Но Лена разошлась и хотела скандала. Она повторила:
– Завидуешь, – и совершенно напрасно добавила: – Потому что Эдуард – мужик.
Я пытался нащупать слова, с которыми можно было встрять в разговор.
Хотя я знал, что Леонид прекрасно понимает умом, что не имеет смысла ревновать Лену к бывшему мужу, но также и знал, что горячее сердце Леонида пронизывает болью каждый раз, когда он слышит это имя.
Но я не успел подобрать слова, потому что Леонид перегнулся (он сидел на переднем сидении) и отвесил Лене крепкую пощечину. По-моему, я вскрикнул от неожиданности: такая ссора совершенно не вязалась с моими представлениями о них.
– Тряпка! – сказала Лена.
Все замолчали. Я обнял Кристину. Мне было очень неловко и обидно, что ей пришлось стать свидетелем такой сцены. Через несколько секунд Лена повторила:
– Тряпка.
– Заткнись, сука, – тяжело произнес Леонид, не поворачиваясь к нам.
Лучше бы переночевали в гостинице. Но теперь было поздно. Никогда прежде не заставал их за ссорой, конечно, как я вообще мог предположить, что нечто подобное произойдет. «Тебе понравятся мои друзья», – сказал я Кристине.
Сойдя с поезда «Москва – Петербург», мы хорошо погуляли. Зашли в кафе и книжный магазин. Позже собирались встретиться с Леонидом и Леной, переночевать у них и утром на автобусе поехать в Хельсинки. Прежде я не был в Европе, но в последнее время дела налаживались, и можно было позволить себе небольшое путешествие.

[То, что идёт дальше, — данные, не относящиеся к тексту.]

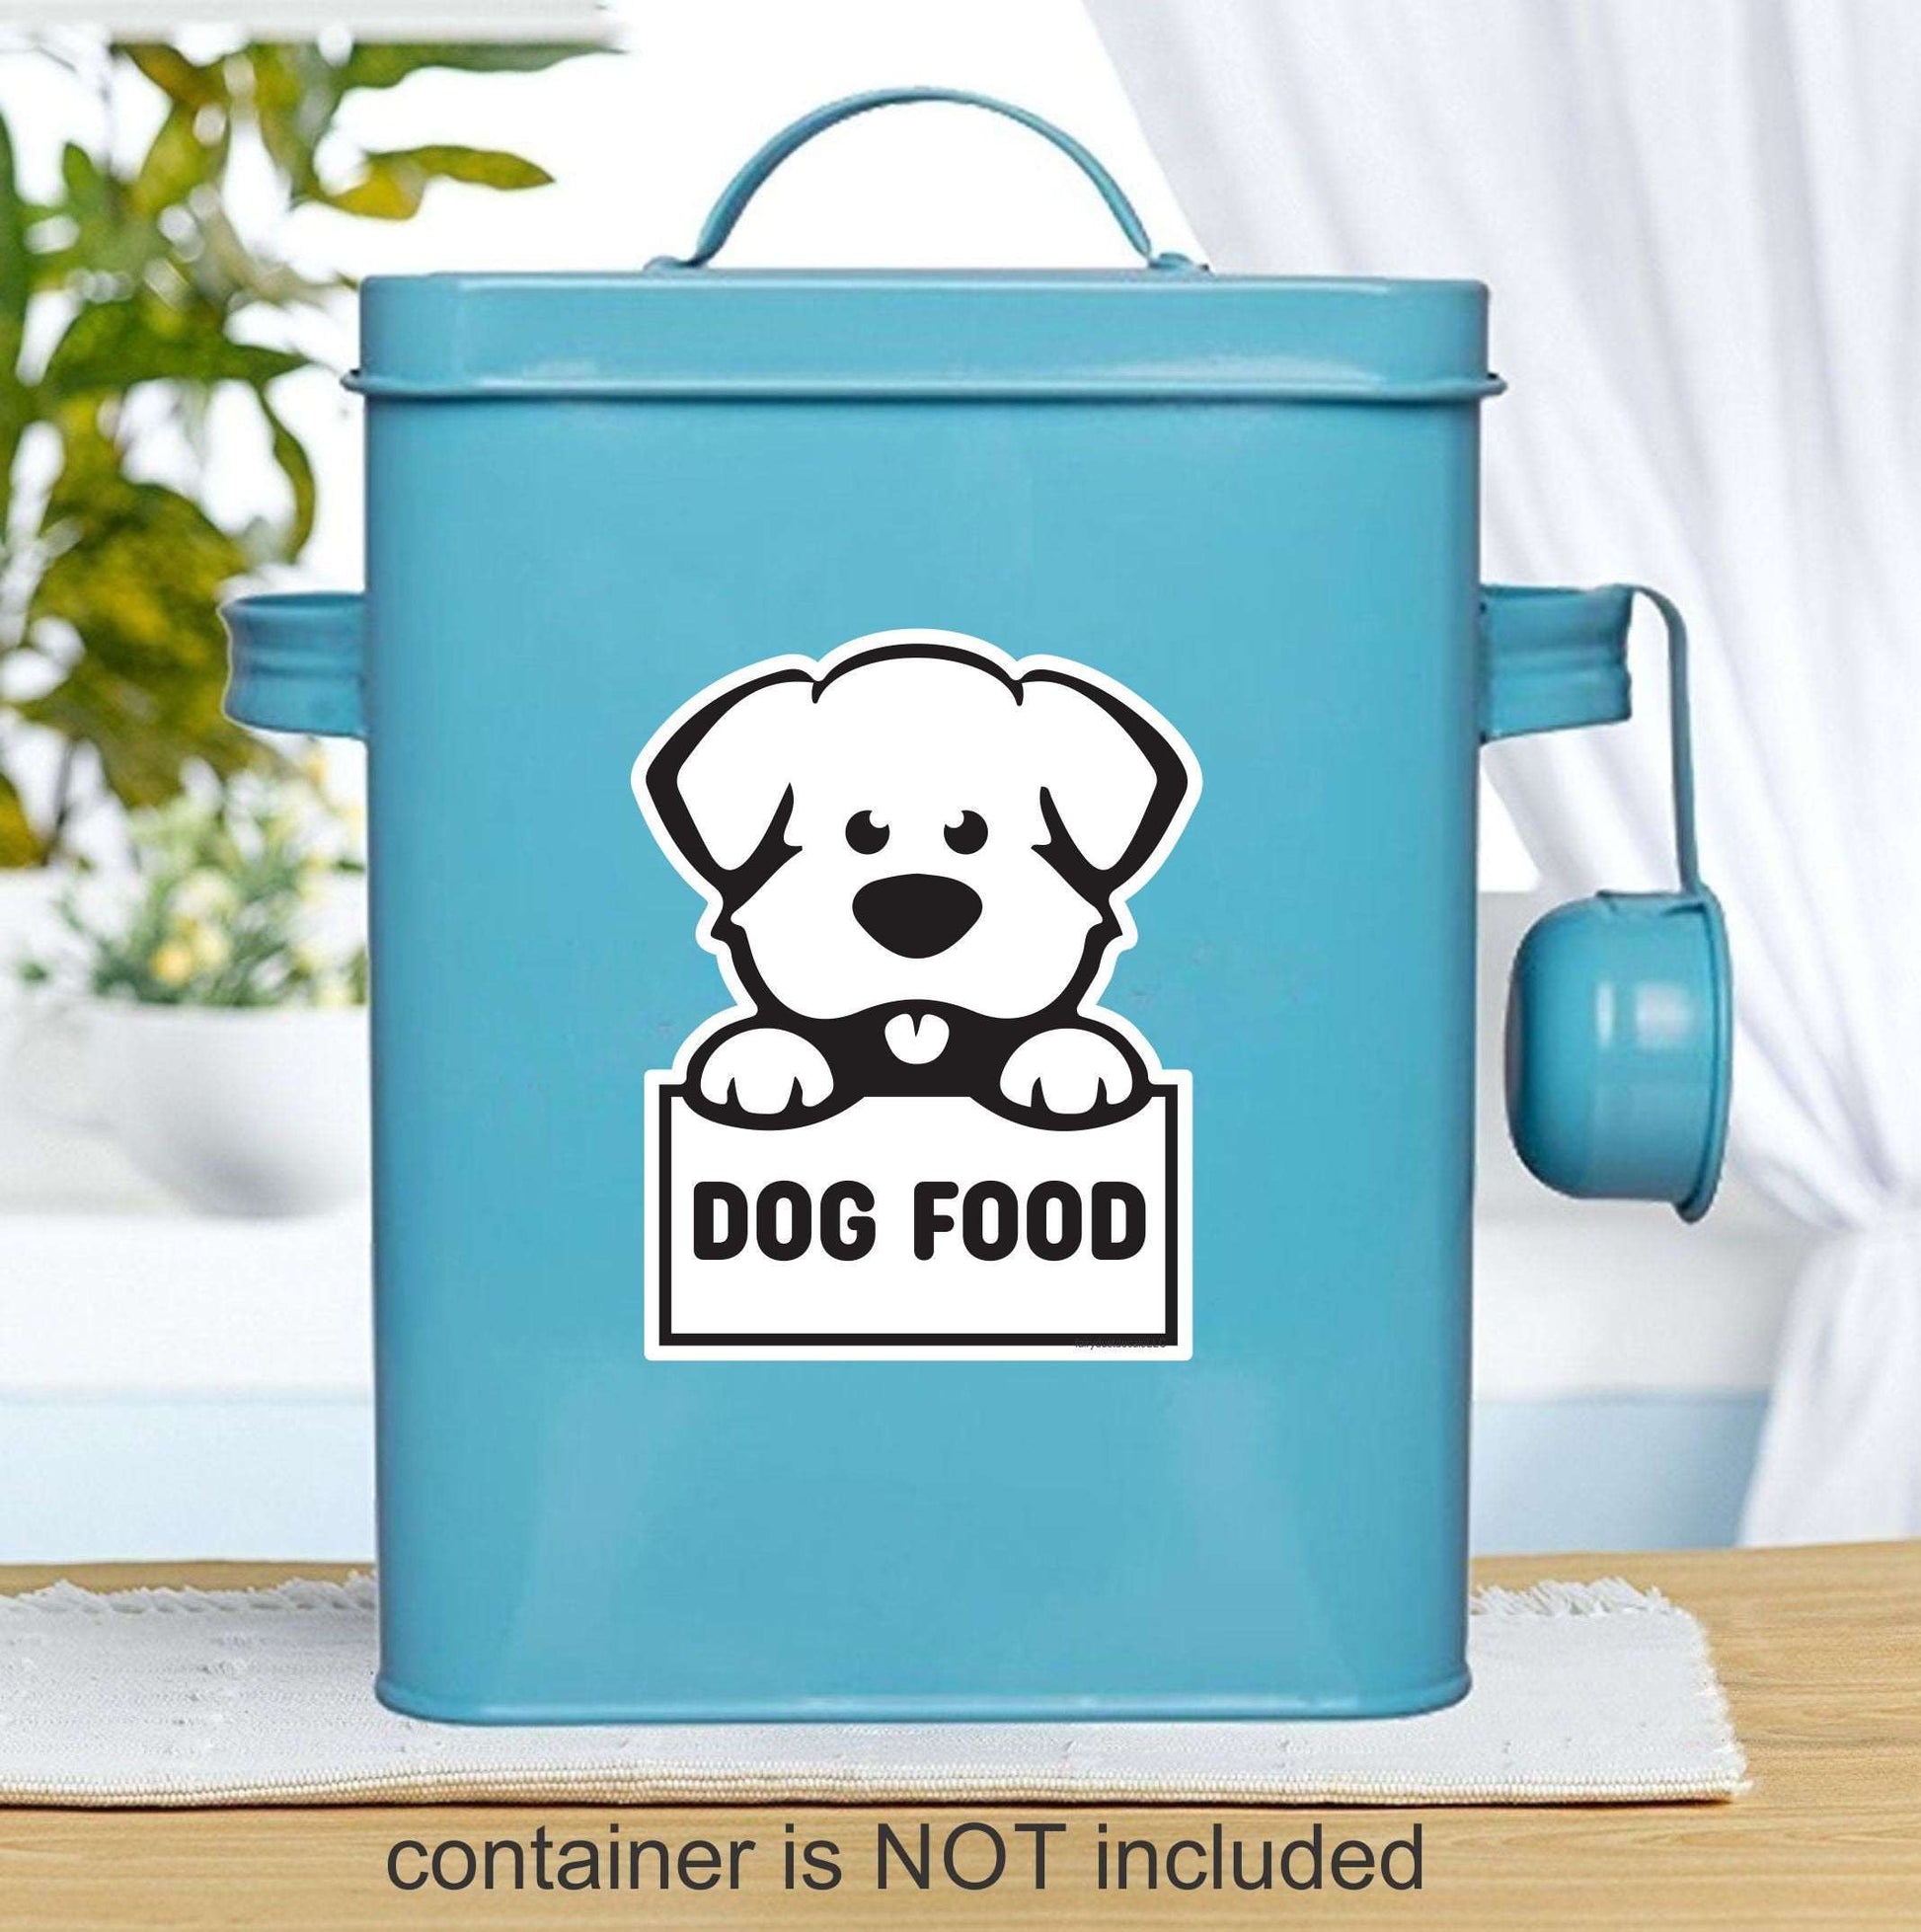 Dog Food Sticker, pet dry food storage label, organized home pantry, dog food container decal measures 5x4 inches

Вечером посидели вчетвером в баре на Невском проспекте. Когда решили, что посидели достаточно, расплатились, и Леонид поймал частника.
Мы вылезли из машины, я сказал:
– Давайте возьмем вина и успокоимся.
Леонид пожал плечами.
– Пойдем, – сказал я ему. И Лене с Кристиной: – Идите домой. Мы скоро.
Выбрал три бутылки красного сухого. Леонид ходил за мной по магазину, как заблудившийся ребенок за милиционером.
На кассе он сказал:
– Извини, что так получилось.
Кассир пробила вино. Расплачиваясь и складывая бутылки в пакет, обдумывал, что ему ответить. Наконец я сказал:
– Ничего страшного. Это ты извини, что я стал свидетелем. Надеюсь, это не разрушит нашу дружбу, как в книге «Черный принц».
Леонид как будто даже немного просиял. Он неловко пожал мне плечо, не найдя жеста лучше.
Позже меня преследовало странное ощущение. Лена и Леонид ссорились этой ночью совершенно так же, один в один, как мои родители. Мне очень больно было наблюдать. Но дело не только в этом. Я испытал настоящий, какой-то страшный, стыд. Его причина была не в том, что мой друг – интеллигентный человек – ни с того ни с сего избил свою женщину. И даже не в том, что эта бытовая драка была точной копией многочисленных ссор моих родителей. В чем-то я себя обманываю – вот что я чувствовал, был в этом уверен, но не мог понять, в чем именно. Купил сигареты и закурил на улице. Я обратил внимание на свои руки. Они были поцарапаны, но я не помнил, откуда взялись эти царапины. Мне захотелось ударить себя со всей силы по лицу. Память что-то прятала от меня. Я смотрел на небо, на серые облака. Мне удавалось сдержаться, но я ненавидел себя за то, что во мне жило нечто темное, непонятное, что играло мной. Я докурил и медленно, как к эшафоту, пошел к дому Леонида.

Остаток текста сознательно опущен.